▶ _Task requirements_: With the pictures left out, retype exactly the lines below starting at the line that contains "Twelve people standing" and ending at the line that contains "Yellow and blue parrot sitting on branch".

▶ _Task inputs_:
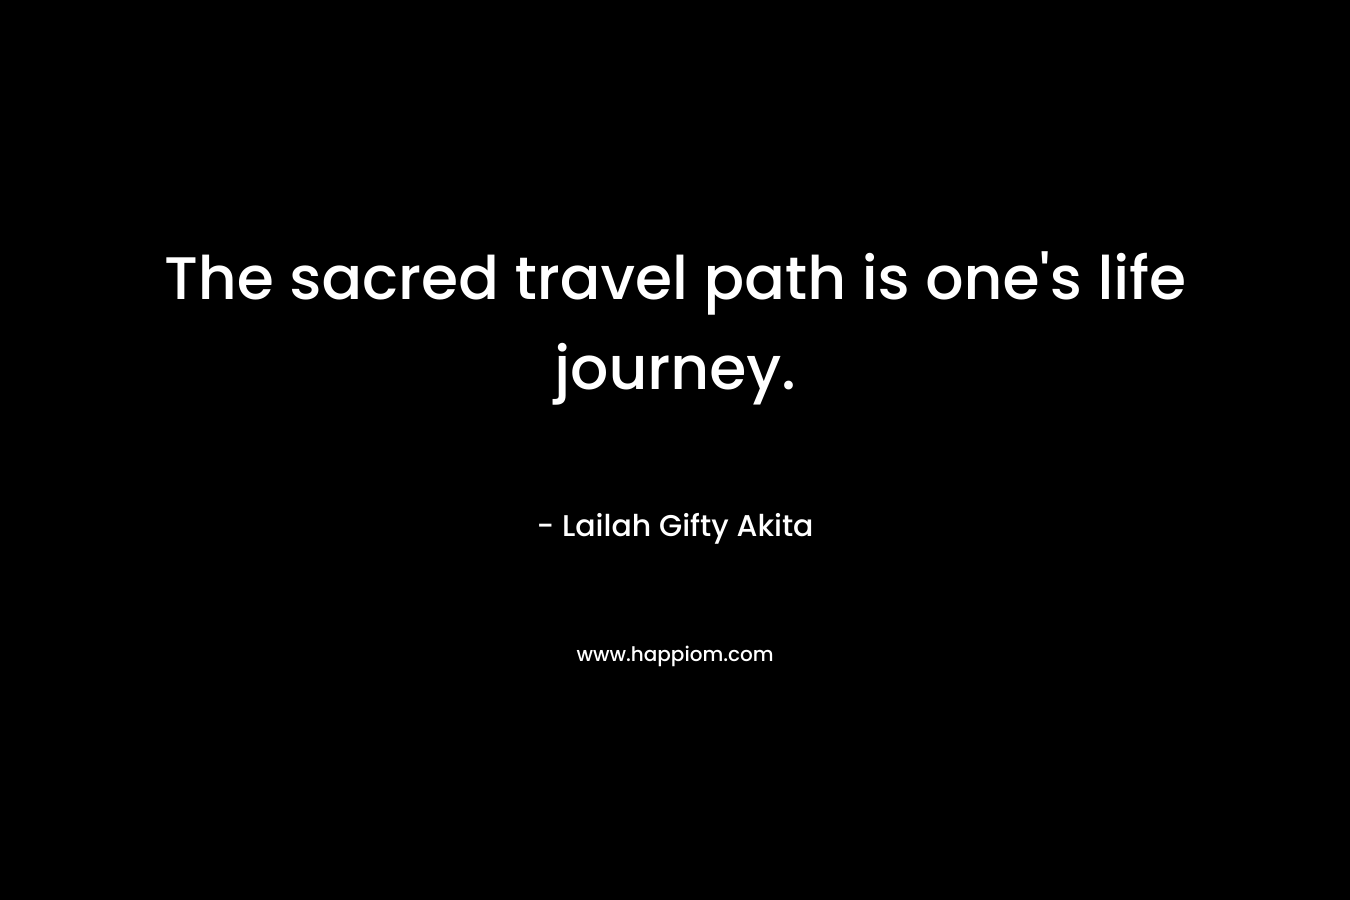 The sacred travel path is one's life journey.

==

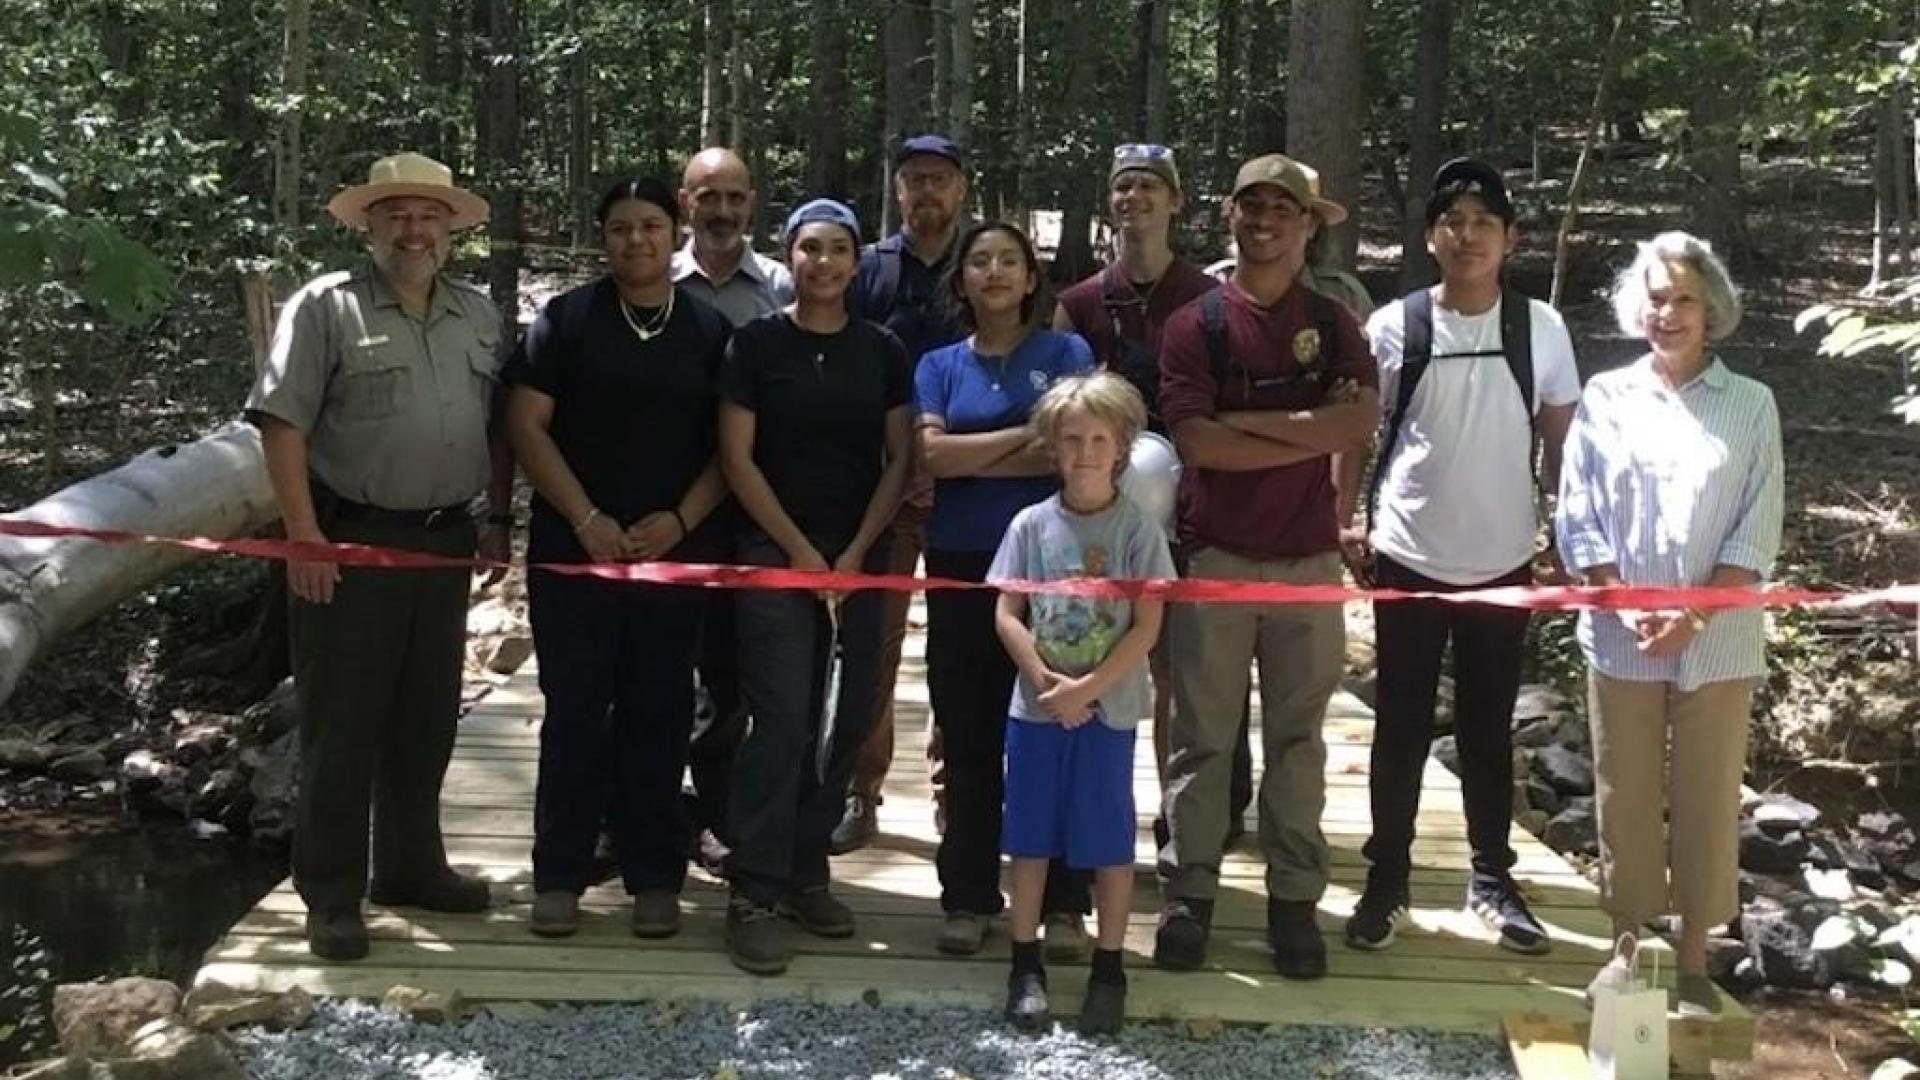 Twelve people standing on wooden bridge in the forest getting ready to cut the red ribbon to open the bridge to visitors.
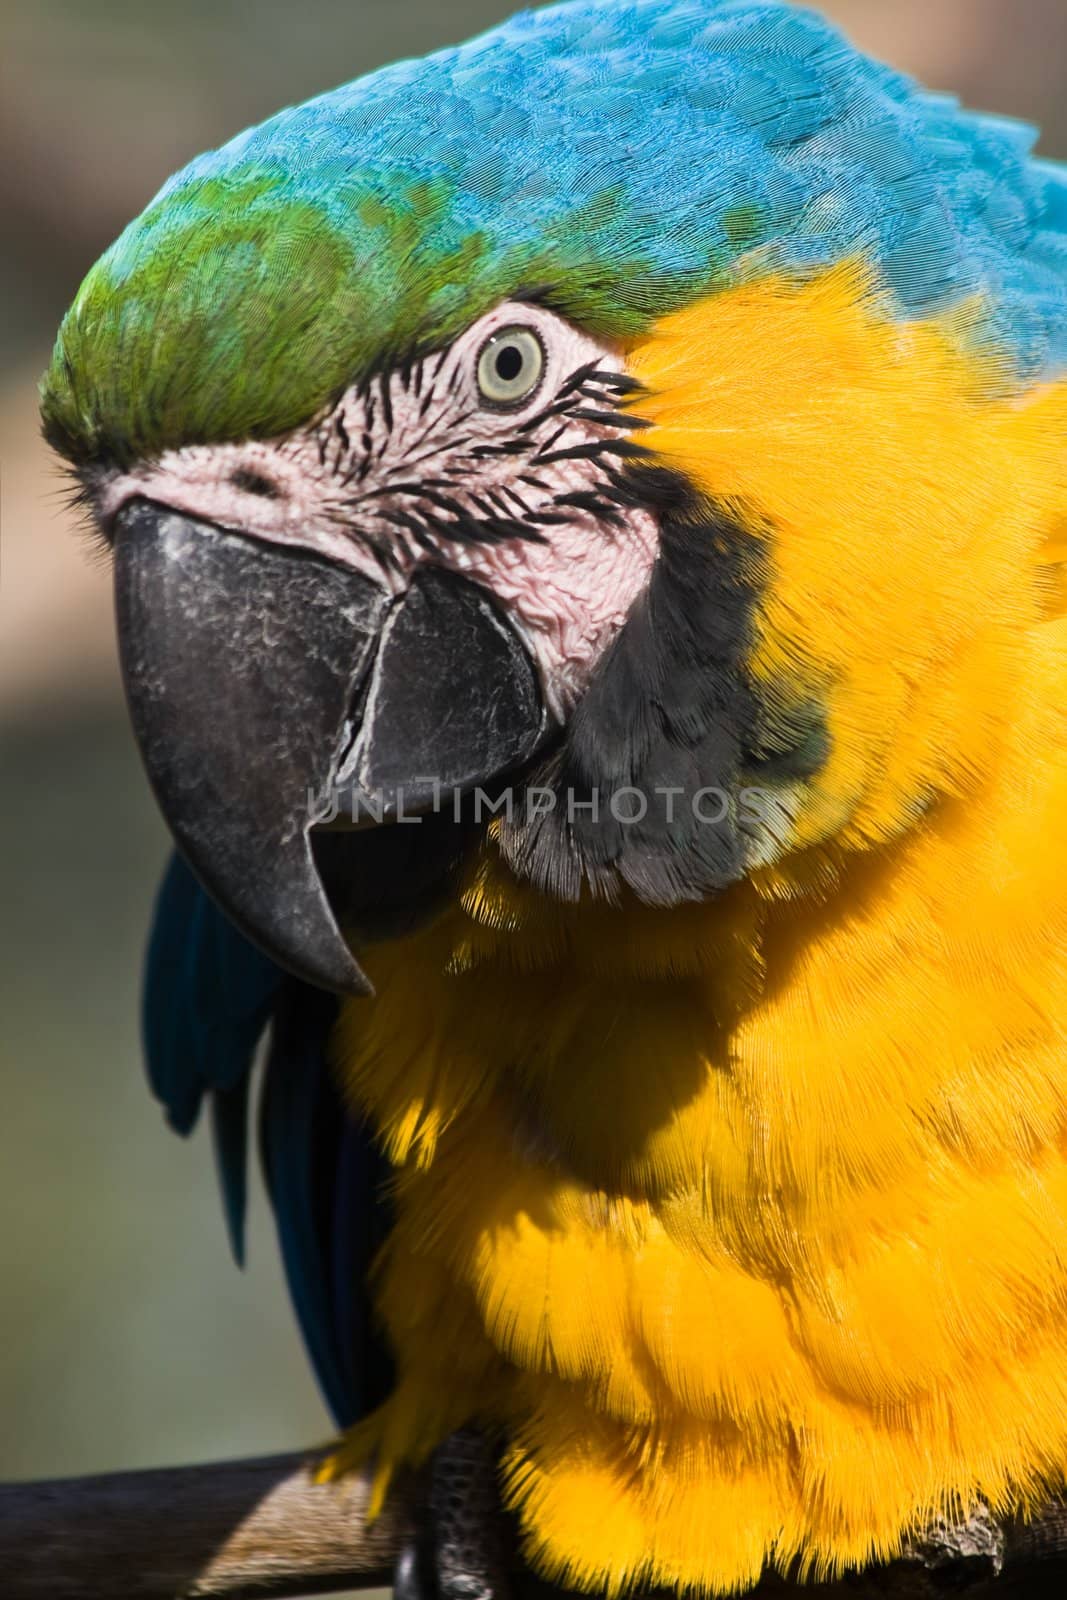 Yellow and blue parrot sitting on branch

▶ _Expected answer_:
 Twelve people standing on wooden bridge in the forest getting ready to cut the red ribbon to open the bridge to visitors.
 Yellow and blue parrot sitting on branch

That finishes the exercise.